* DATA SHOWN *
********

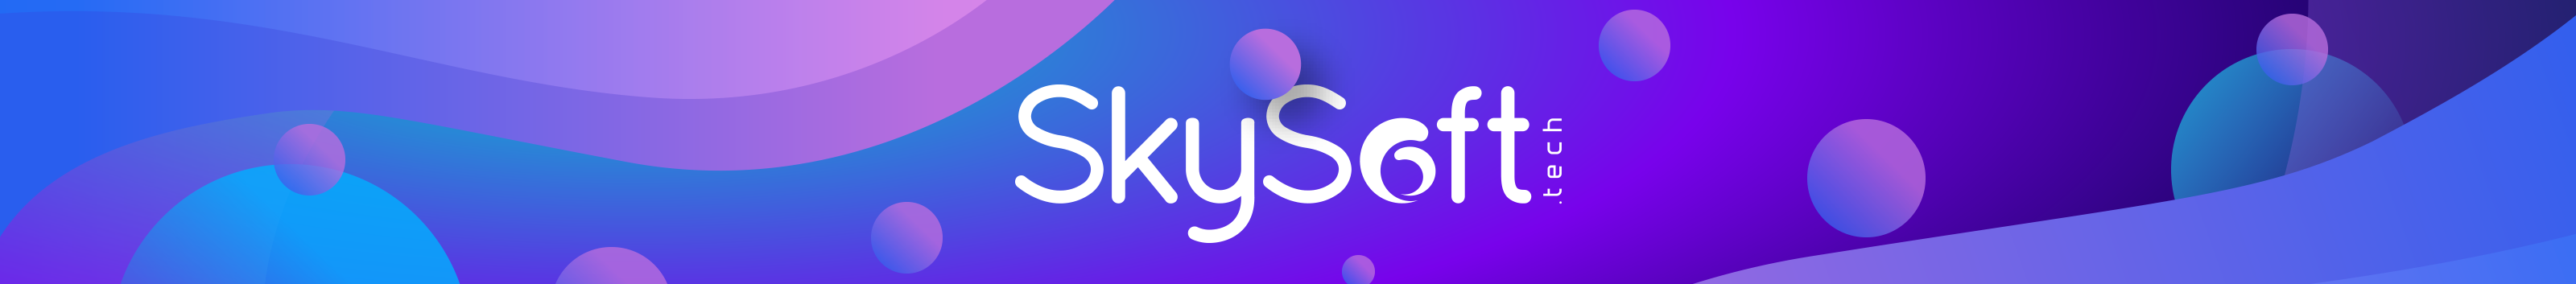 SkySoft. tech's profile banner
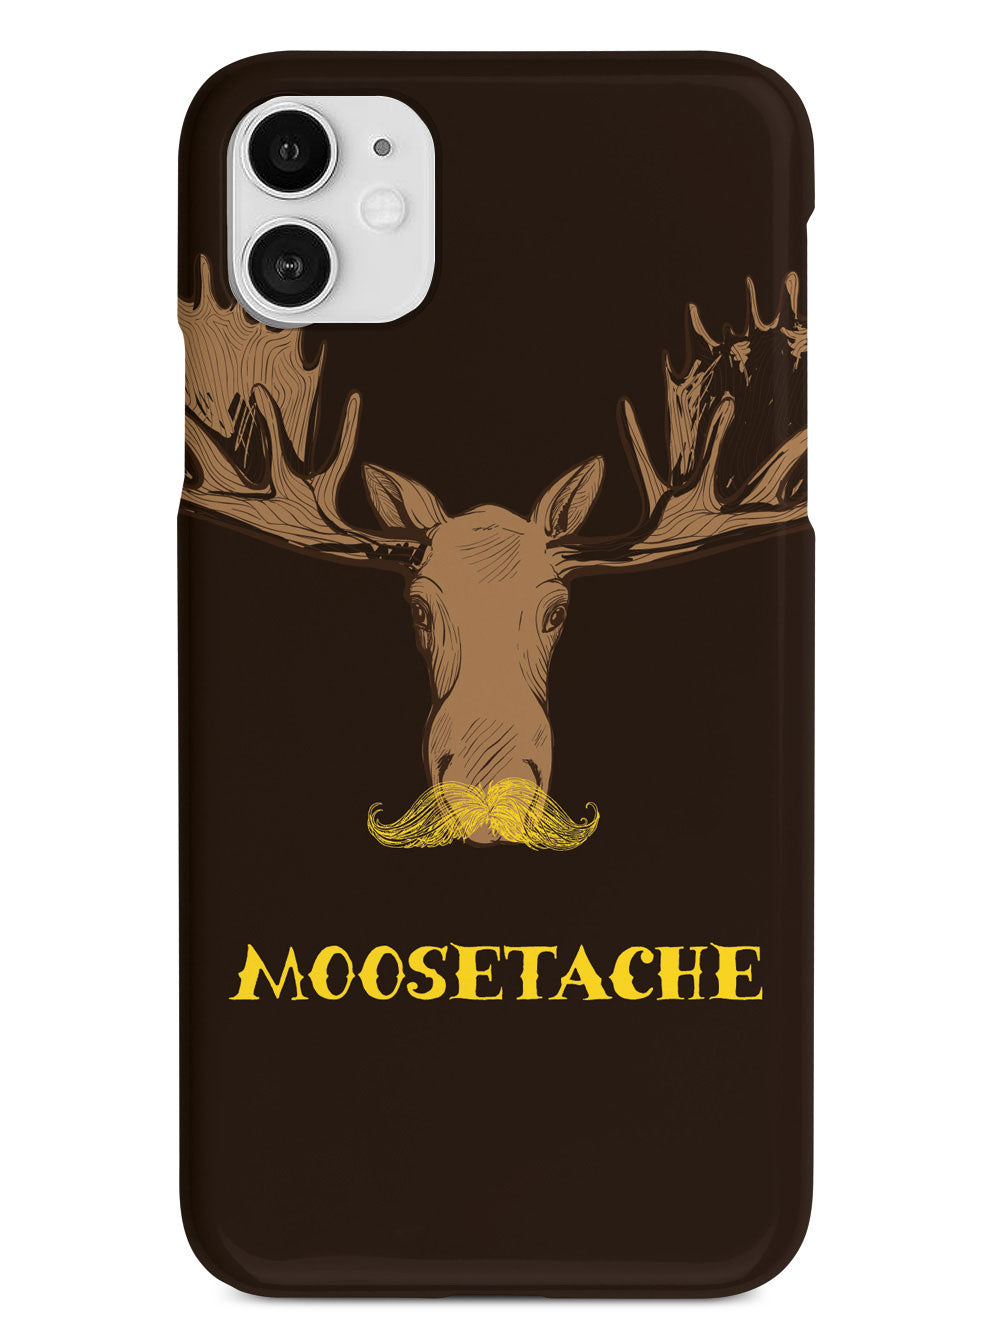 Moosetache - Mustache Case
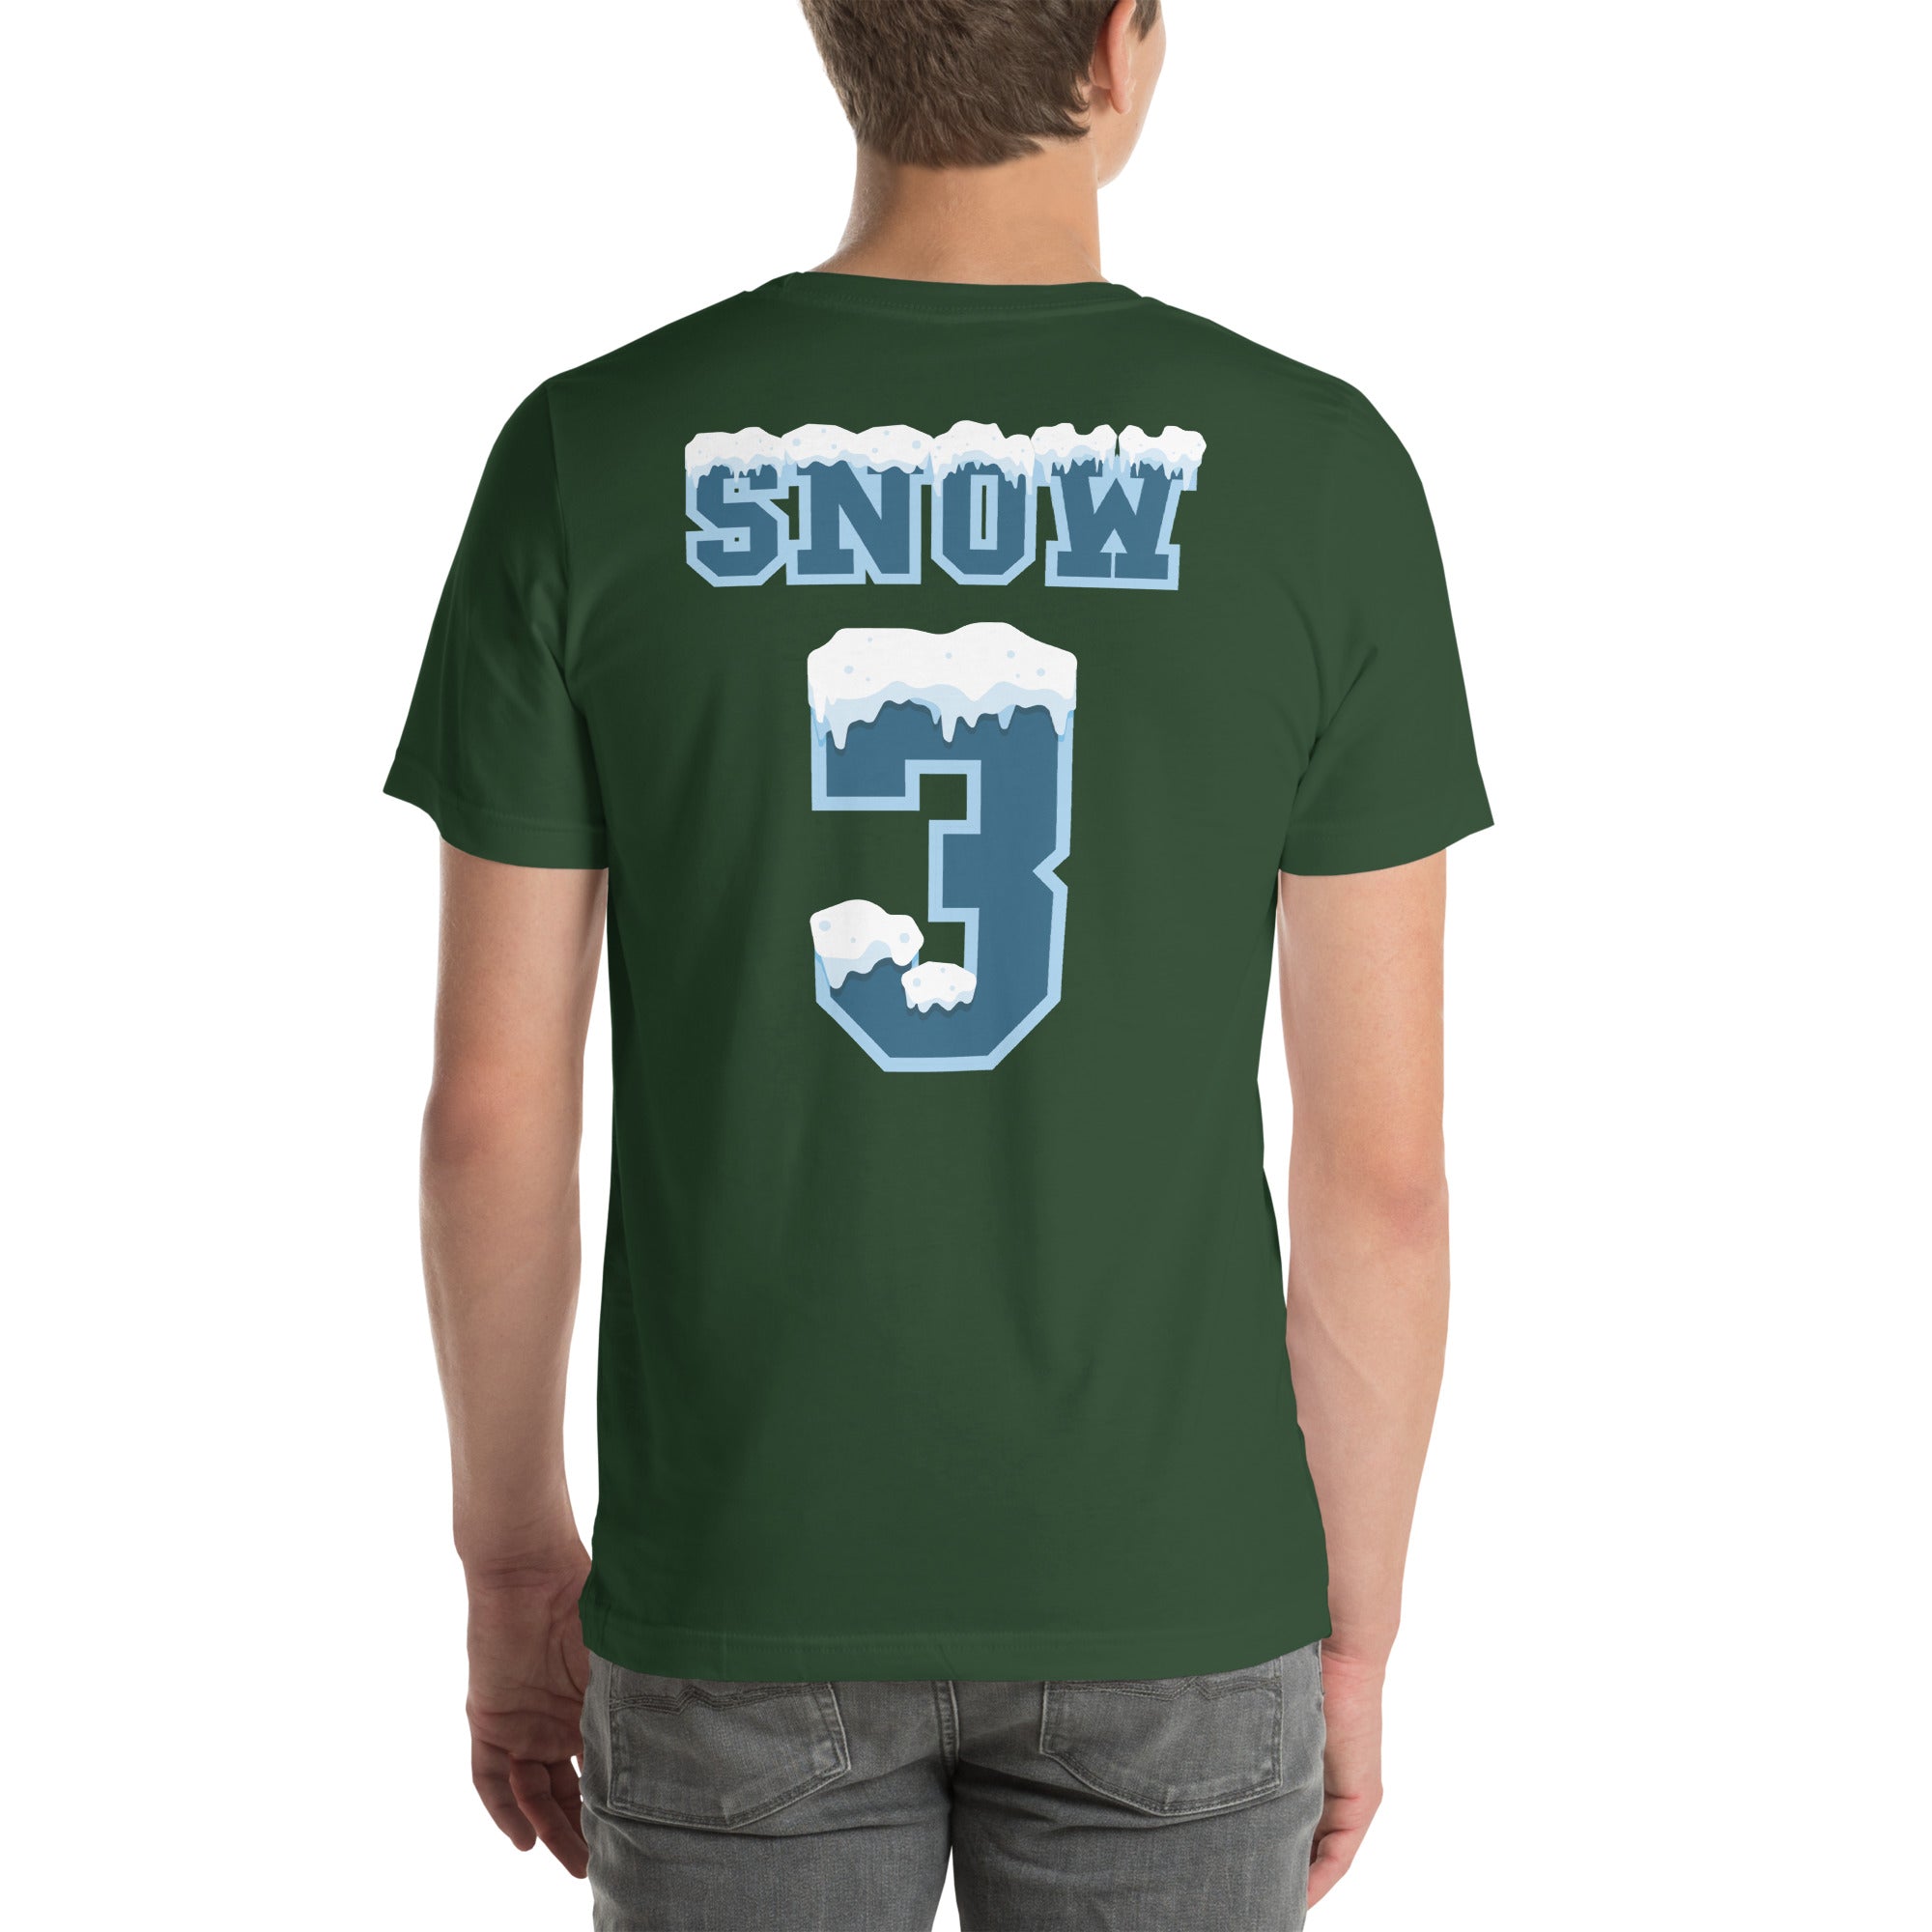 #3 Eric Snow - Snowman - Unisex t-shirt

********

* EXERCISE AIM *
In the reply, every line of the material above is to be reproduced verbatim, and the images are to be left out.

* RESULT FOR THIS TASK *
 SkySoft. tech's profile banner
 Moosetache - Mustache Case
 #3 Eric Snow - Snowman - Unisex t-shirt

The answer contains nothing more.